The IASC found that although such an arrangement would result in some consumer benefits “in terms of improved connectivity and potentially some increase in route options”, it would also be “likely to entrench and expand the market position of Qantas and Cathay Pacific, to the detriment of Virgin Australia’s competitive position and the position of any potential future entrants on the route”.

Both Virgin Australia and the ACCC made submissions to the IASC on the matter.

Qantas and Cathay had initially proposed to share codes on flights operated by Qantas on the Hong Kong route from 31 March 2019.

Qantas flies nonstop from Brisbane, Melbourne and Sydney to Hong Kong, using a variety of aircraft, including A330s, A380s and B787 Dreamliners.
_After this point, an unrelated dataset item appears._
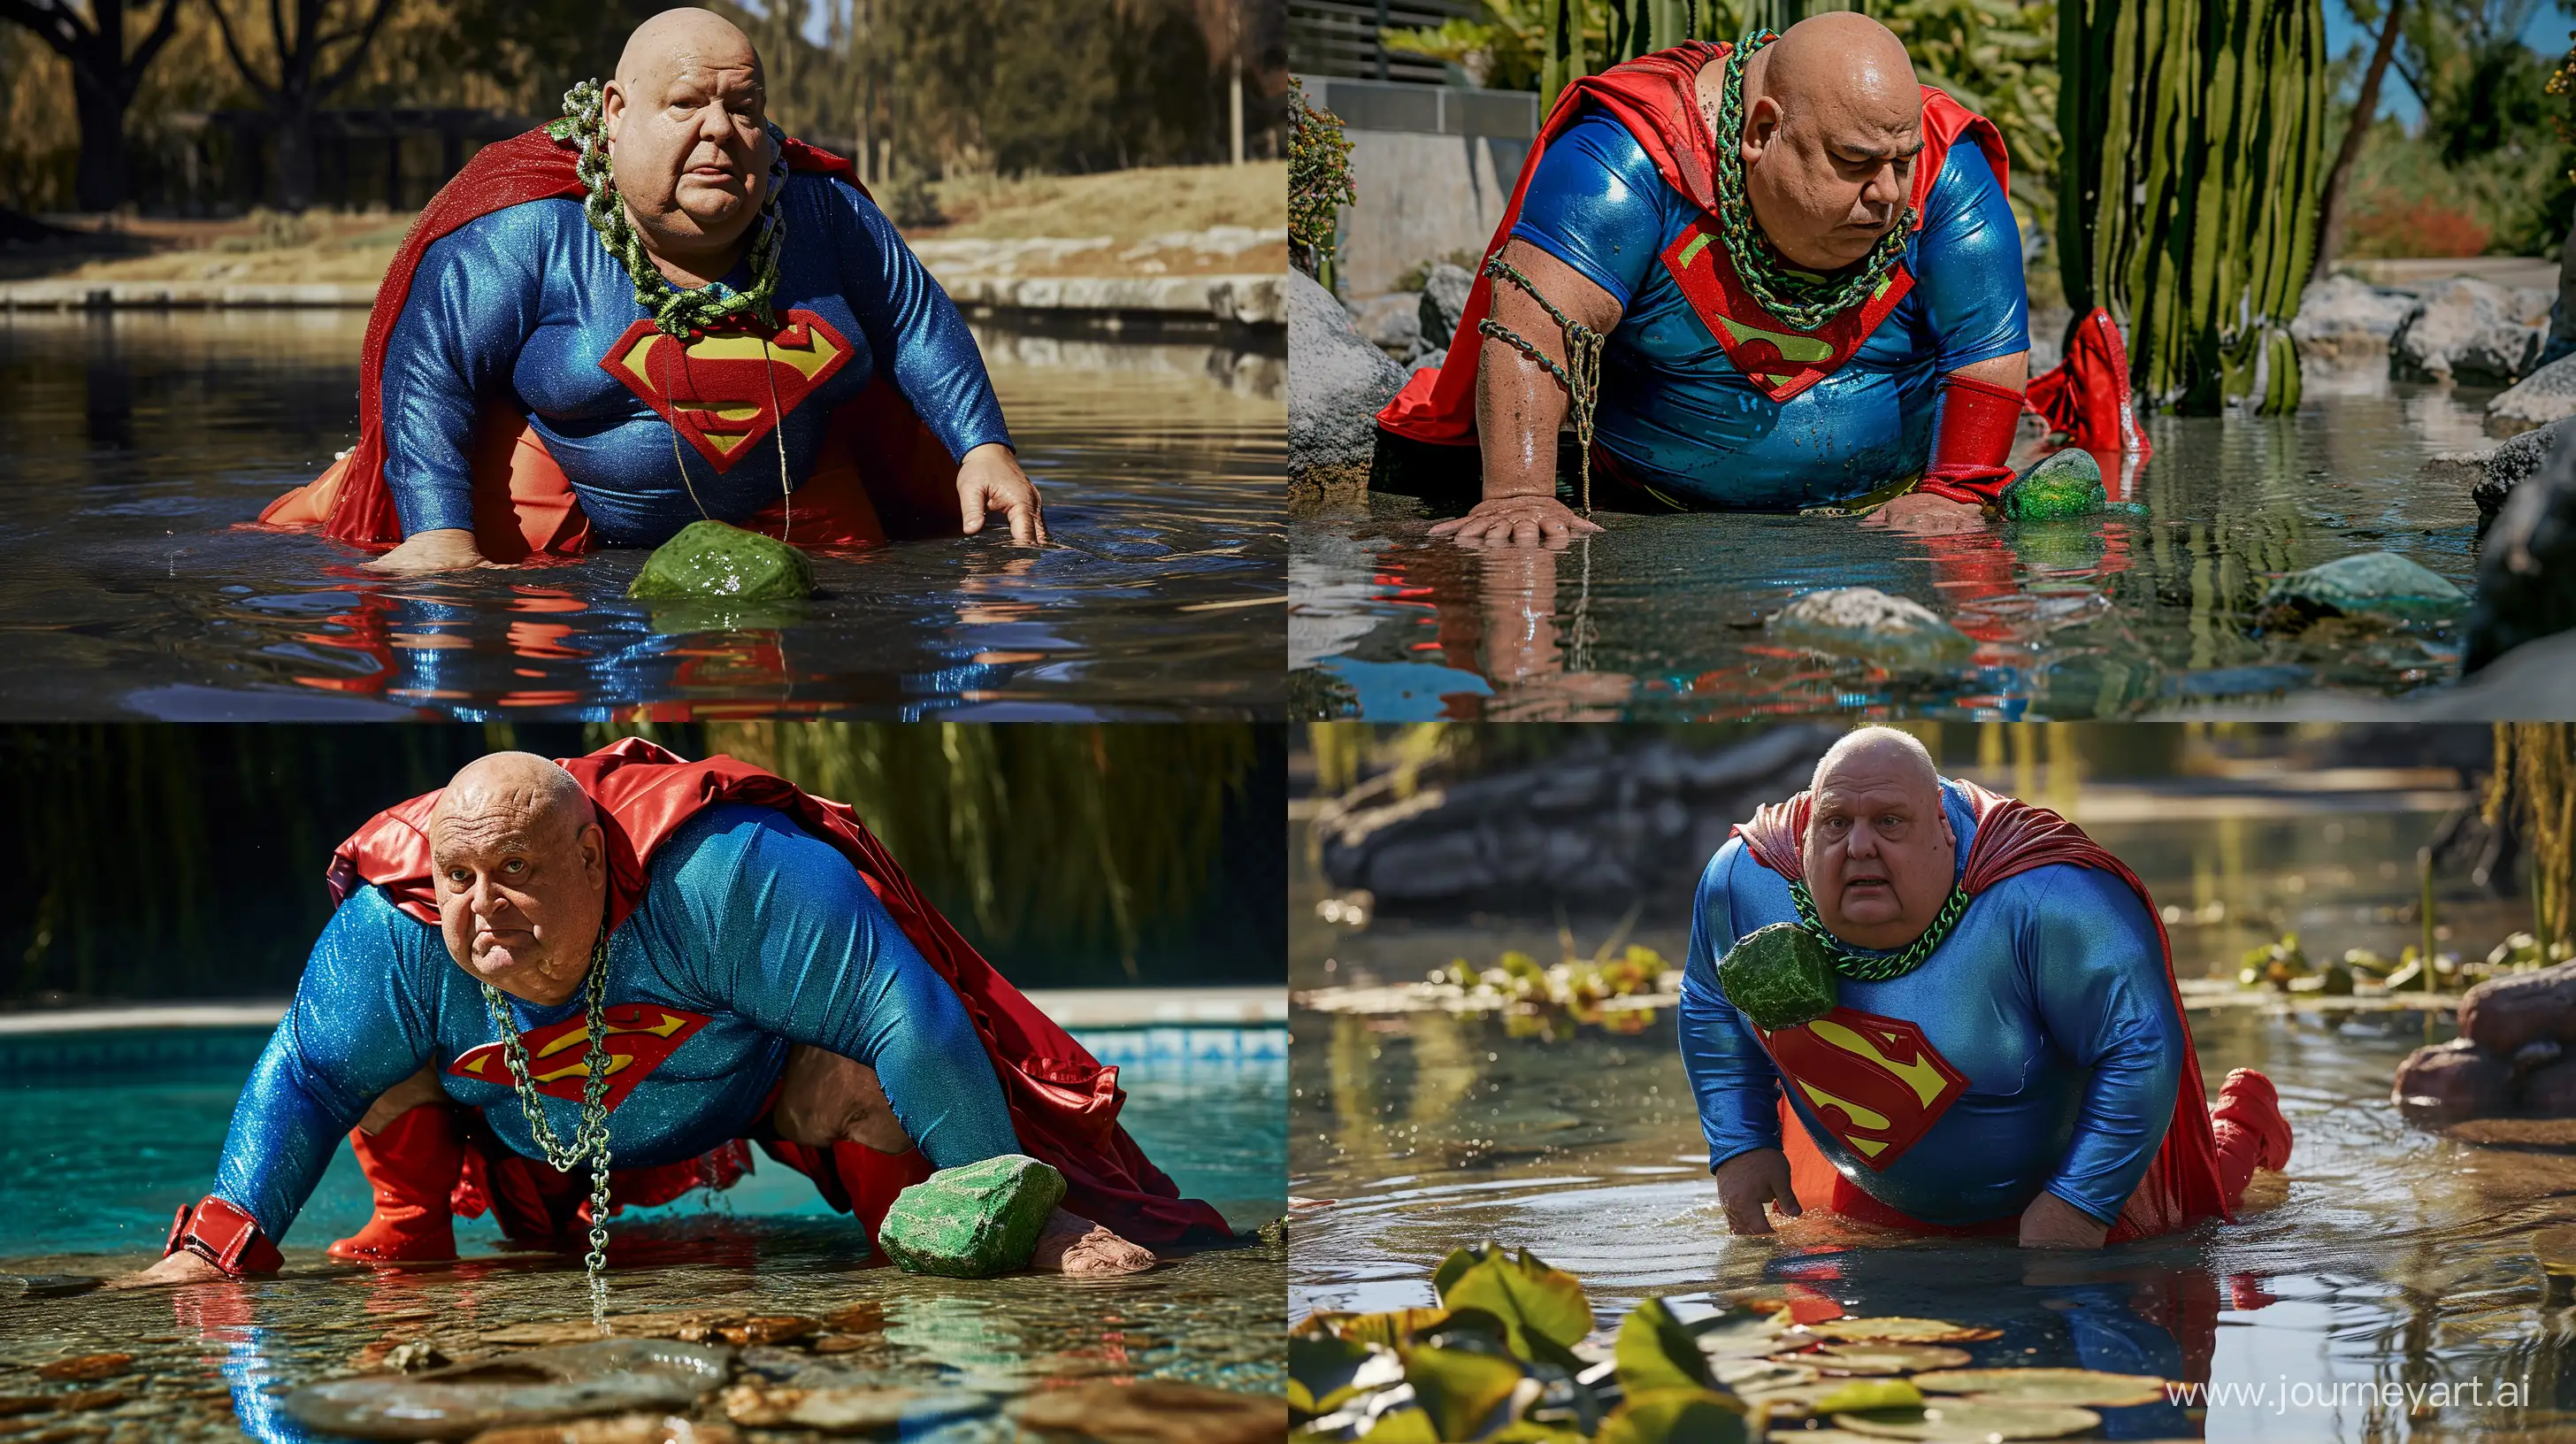 Playful-Elderly-Man-in-Vibrant-Superman-Costume-Crawling-in-Shallow-Pool

Cathay Pacific flies from Hong Kong to Australia’s four major gateways: Brisbane, Melbourne, Perth and Sydney. Together, they constitute a formidable force on the route.

Cathay Pacific A350-900

The IASC found that any weakening of competition on the route might easily lead to “an increase in prices and/or a reduction in other benefits to consumers”.

The IASC stated: “Qantas identifies the easier marketing of complex itineraries on a single airline code as a key benefit to the public that would result from the proposed variation. The Commission has found, however, that Qantas already has the ability to code share on a range of Cathay Pacific flights beyond Hong Kong, connecting to the same aircraft that the application seeks approval for.

“It is, therefore, already possible for Qantas to offer a single airline code on these aircraft through Hong Kong to Australia. Codeshare and interline arrangements between Qantas and Cathay Pacific are already in place giving Cathay Pacific the ability to offer through-journey connectivity to passengers from Australia to various destinations via Hong Kong and vice versa. The marketing of complex itineraries is not dependent on the approval of this application.

“The Commission also found that without the proposed variation, Qantas is able, under codeshare arrangements currently in place, to market its code on a range of services operated by Cathay Pacific and Cathay Dragon to various destinations in Asia, including cities in India, Vietnam, and Korea.

“The Commission finds that the likely public benefits of the variation are substantially outweighed by the likely public detriment that would follow from the proposed variation.

Qantas Boeing 787-9 Dreamliner

“For this reason, the Commission is satisfied that variation would not be of benefit to the public, within the meaning of the Act. Accordingly, the Commission must not make a decision approving the variation.”